I'm lurking/occasionally posting at www.beginnertriathlete.com. The name seemed right for
me! However, even the newbies there seem way ahead of me. Not so much physically (well,
there's alot of that too!), but psychologically. They seem much more can-do, just do it, jump
right in.

A thread a couple of days ago at the tri site really started me thinking. A guy asked, why
women-only tris (like Reebok and Danskin)? The best answer, the one that resonated with
me, said something I hadn't thought of before.

====Here's the part of that thread from the other board that I'm talking about:====

Title IX passed in 1972. That means for every woman older than 33, the idea that they, as
women/girls, deserved the same time and money and attention re: athletics was not
something they grew up with. So it's not that they can't do stuff, or that they are lesser
athletes, it's just that MANY women are missing a psychological part of "athletics" that many
men and younger women have possibly taken for granted I can;t imagine not growing up
doing sports and what that must be like to just start out as an adult. I was taken seriously
and cheered on by my parents starting at age 4 when I played Kiddie Kick. My dad was out
there all the time validating and bragging about me, I have always felt like a woman, a strong
woman, and I never felt I had to "soften" myself or dumb myslef down to be less threatening
to men (there was an old thread about exactly that happening still! Imagine how your mom
felt in 1940!) .

There is a huge amount of confidence and faith in oneself that athletics provide.But it's a
chicken and egg thing, it is hard to join a sport or team if you have no confidence that you
can do it or that you even belong there. I am 32. I grew up with little league, soccer, ice
hockey, at the local level, school level, collegiate etc. When I try a new sport, I feel pretty sure
I'll pick it up and have fun, and if it's hard, so what? I am used to working hard! I know how
to fall down. I know how to react if by accident during the course of play, I get jostled. I know
that my worth as a person is not affected if I am less "feminine," if my makeup runs, if I get
dirty. It was a given to my parents that I would do and play sports. My mom, on the other
hand, at 50 years old, decided she wanted to learn to roller blade because it looked fun. her
concerns? she would look fat and silly. she would fall and be embarrassed. she wouldn't learn
very quickly and she would drag everyone else down. being an "athlete" was not something
she ever thought she could do, bc it was not ladylike. She never learned to fall down, she
never learned that being dirty doesn;t make the boys run away (maybe it did back then!) And
she certainly didn;t know what it would be like to be physical and sweaty around strangers.

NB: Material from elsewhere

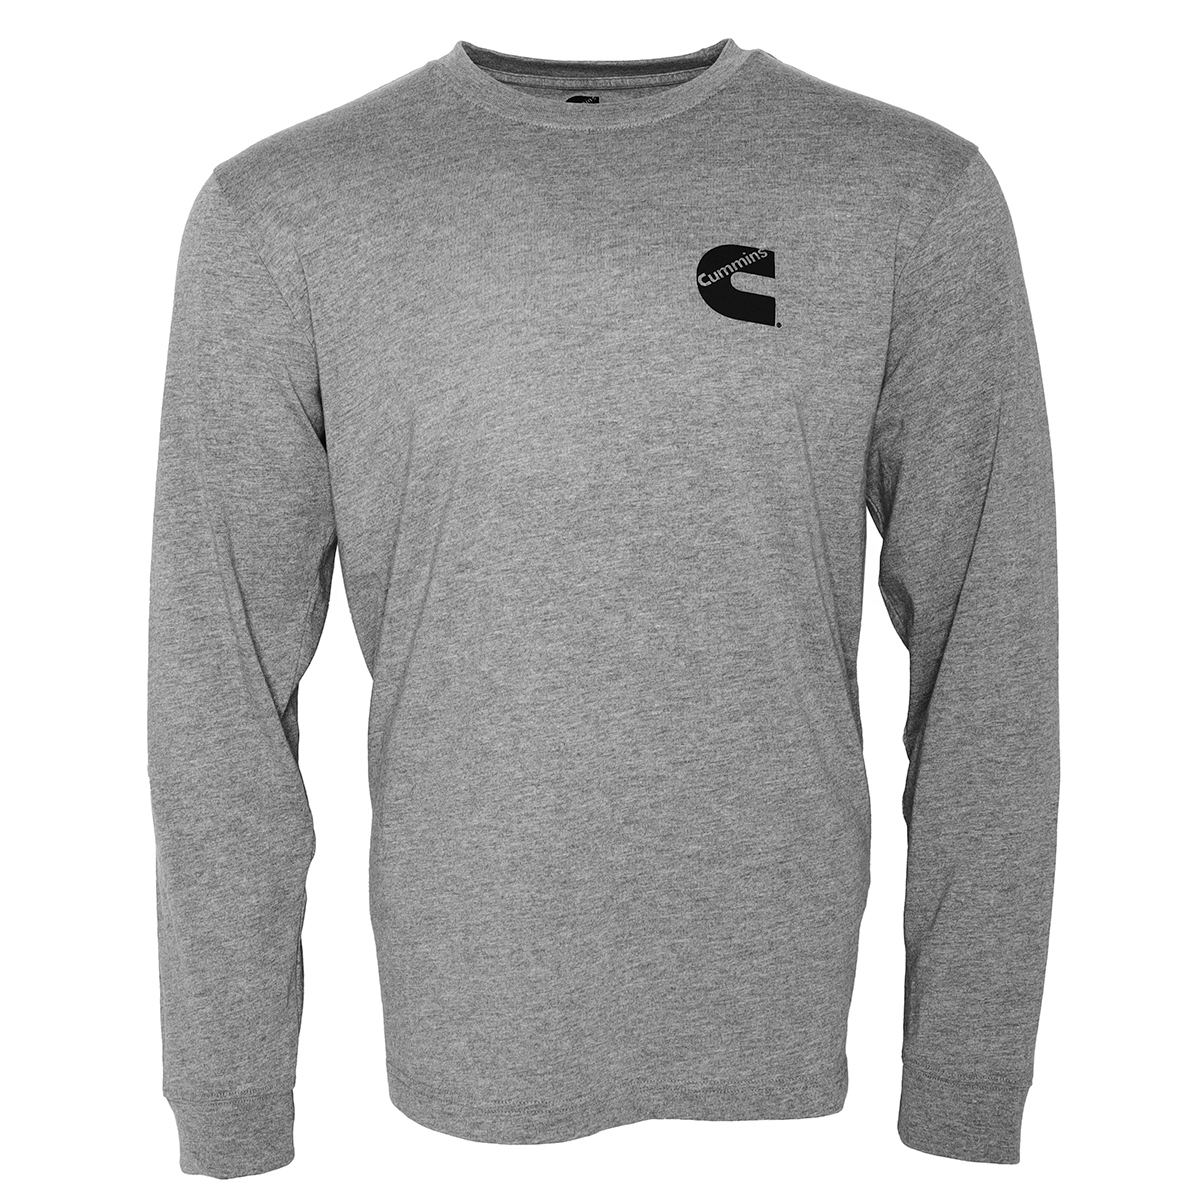 Cummins Unisex Long Sleeve T-shirt Cotton Blend Tee in Sport Gray CMN4785 - XL

======= That's the end of the quote from the other board.=======

Ok, I fit this profile (maybe not so much fearing I'm not ladylike as knowing I'm a klutz and
getting picked last for teams, etc.) I have trouble psychologically even finding the starting
iine (maybe even the race!) while the others are nervous, worried, but chomping at the bit.

Are there others out there that feel this way? I'd love to start an ongoing thread on this board
to encourage each other. The other board is great for rah, rah stuff and specific info (and
they're VERY supportive and friendly) and I'll still be checking in with them, but I need an
emotional base to come home to. I'd love it to be here.

If there are a couple of us, we could commiserate and cheer and encourage. And eventually
find the starting line!!!

I'm a middle aged, overweight nonathlete getting fit--calling all others in whatever stage of
fitness you are and whatever sport you're trying to get the courage to join--anything, tris,
biking, swimming, walking, running, softball, kayaking, ANYTHING.

If you're out there, I'd dearly love to make contact with you!